One of the Hardest Lessons for a Leader to Learn

One of the Hardest Lessons for a Leader to Learn
By Erin Albert

When you see the word “leader,” what image(s) pop into your head?

I get a picture of a (wo)man in a cape, flying through a flowery field, with rainbows, glitter, and unicorns all over the place, and throngs of fans applauding. A bit overdramatic, but leaders have positive halos. They win. They persevere, with grit. They save the day! And ultimately, they succeed. Everybody loves this leader, because this leader is a hero(ine)!

However, there’s another type of leader with a less conspicuous archetype, but equally important to the cape-wearing-throng-bearing kind. There are the leaders who do the thankless, tireless work, without accolades, without the screaming fans; the capes and rainbows are invisible. These leaders silently go about their work, in the quiet corners of leadership. Sometimes, the leader makes unpopular decisions or does inglorious work, even though it may be for the greater good.

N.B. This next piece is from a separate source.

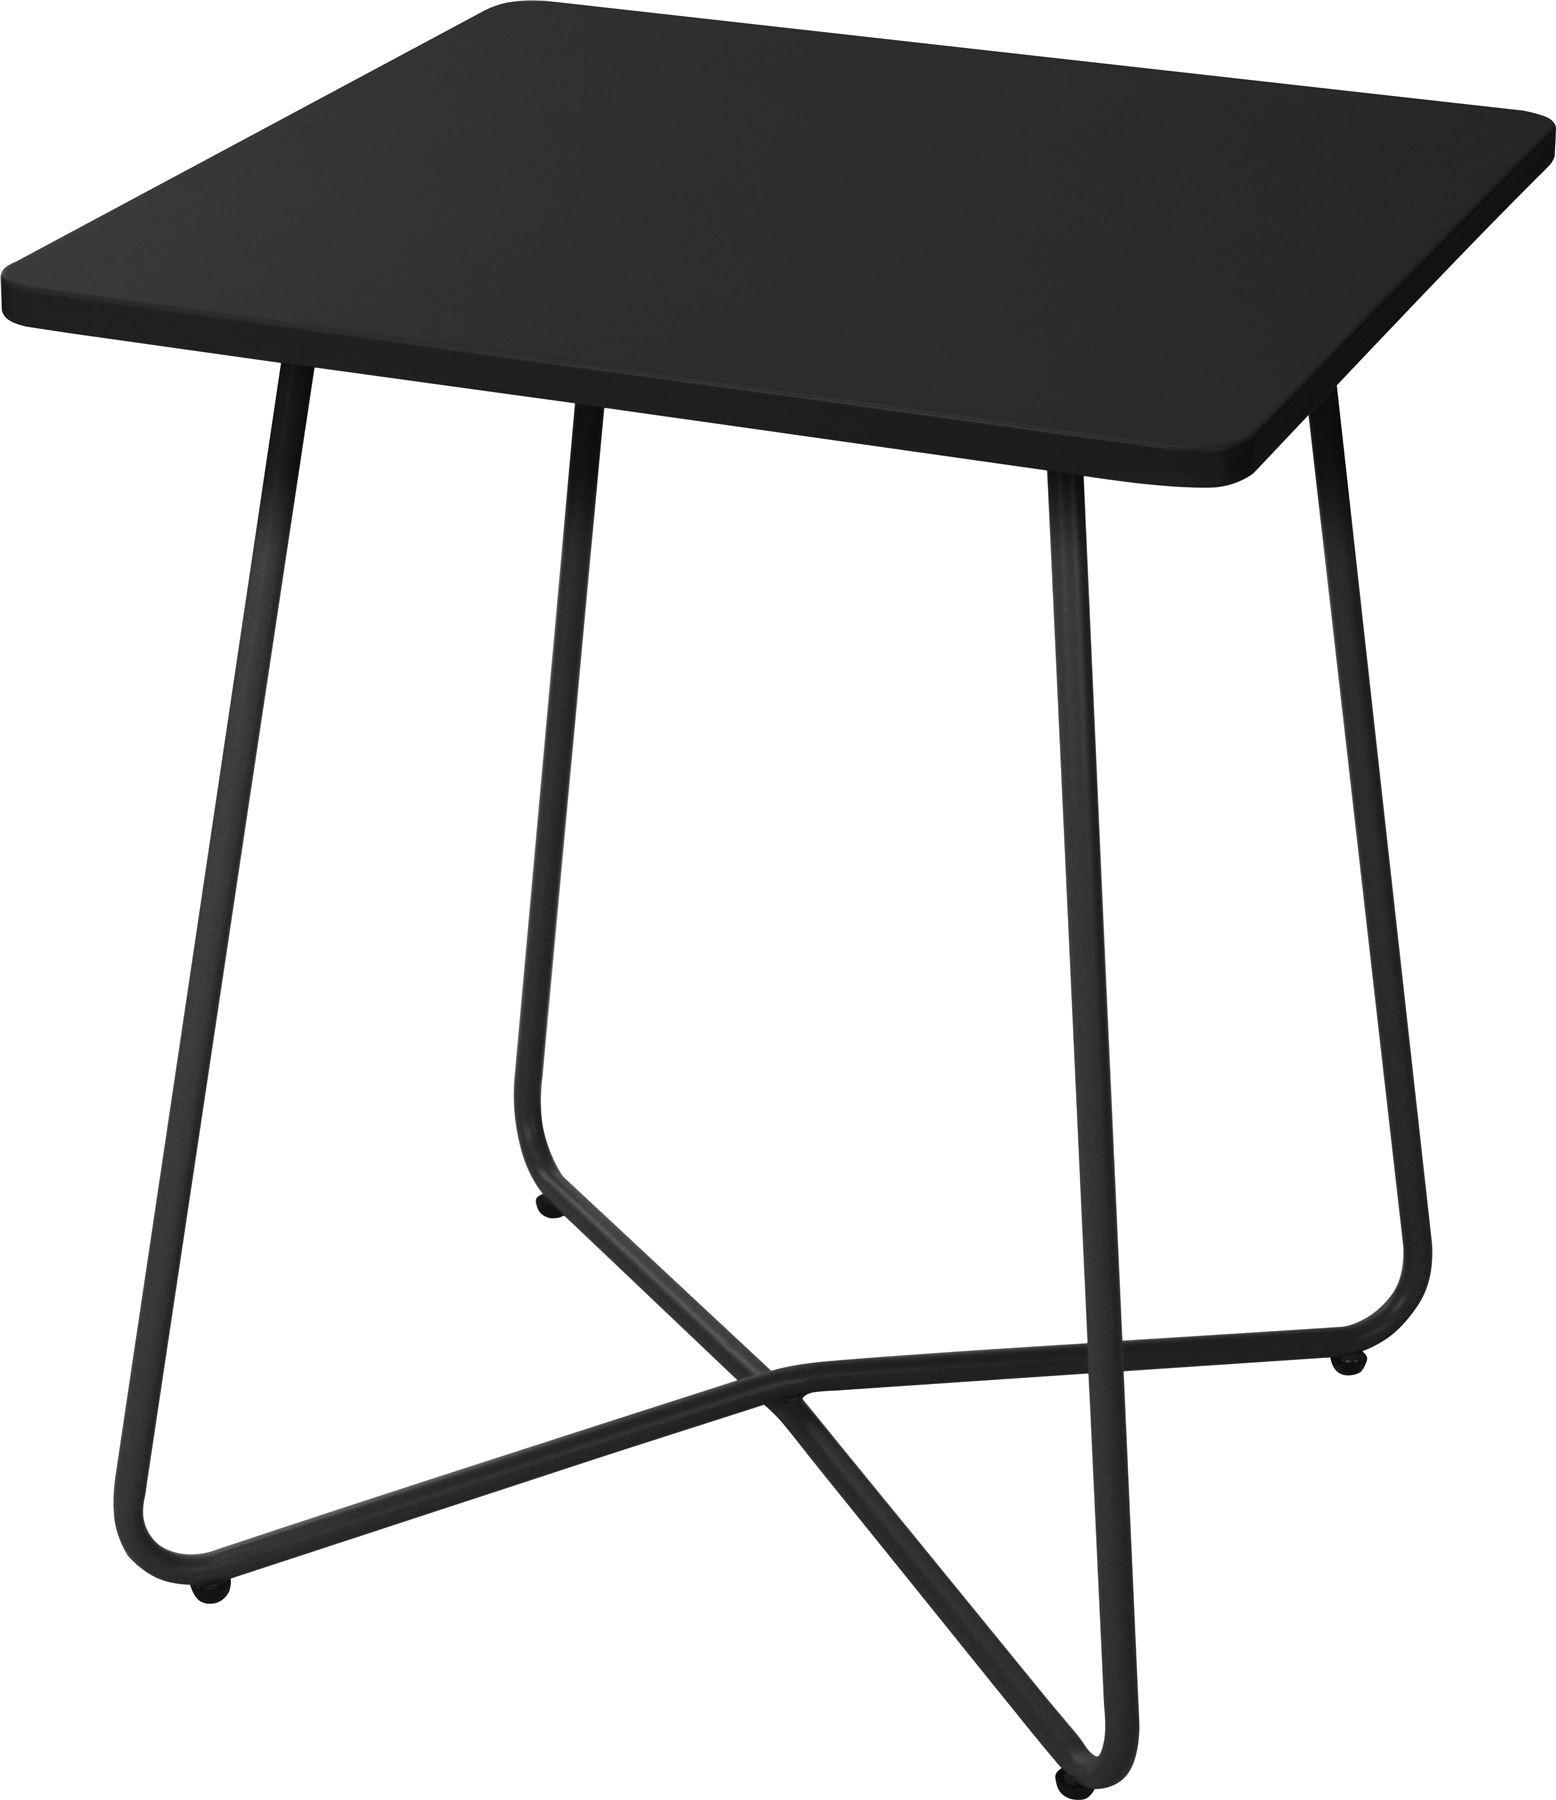 Compact square black metal outdoor bistro table garden patio balcony furniture

Sometimes, the leader even quits.

But wait! Leaders don't quit! Quitting is something for losers and the lazy...not for leaders, right?

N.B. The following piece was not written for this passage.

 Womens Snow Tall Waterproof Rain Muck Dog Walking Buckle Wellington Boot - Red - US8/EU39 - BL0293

Wrong. In fact, one of the hardest decisions a true leader may ever face is knowing when to quit. Sometimes, the best decision a leader can make is knowing when to quit and move on.

I recently became a quitter. I bravely quit full time work just short of a decade of tenure in the job, after careful consideration of many factors. It was not an easy decision to make. But, I wanted to share with you all the reasons why leaders quit (work) in this list over at my blog, as a mental checklist for the leader in you to discern whether or not it is truly time to for you to bravely quit it…whatever ‘it’ is—a job, a career, a habit, a relationship, or anything else that no longer fits well in your life.

The easy thing to do is keep on doing the same thing. However, all types of leaders realize that they must change. And in order to make change, true leaders also realize that they can’t do everything. So, if that means shutting a door or two in order to make room for the new, different and stuff of growth-bearing potential—so be it.

Cheers to the quitters!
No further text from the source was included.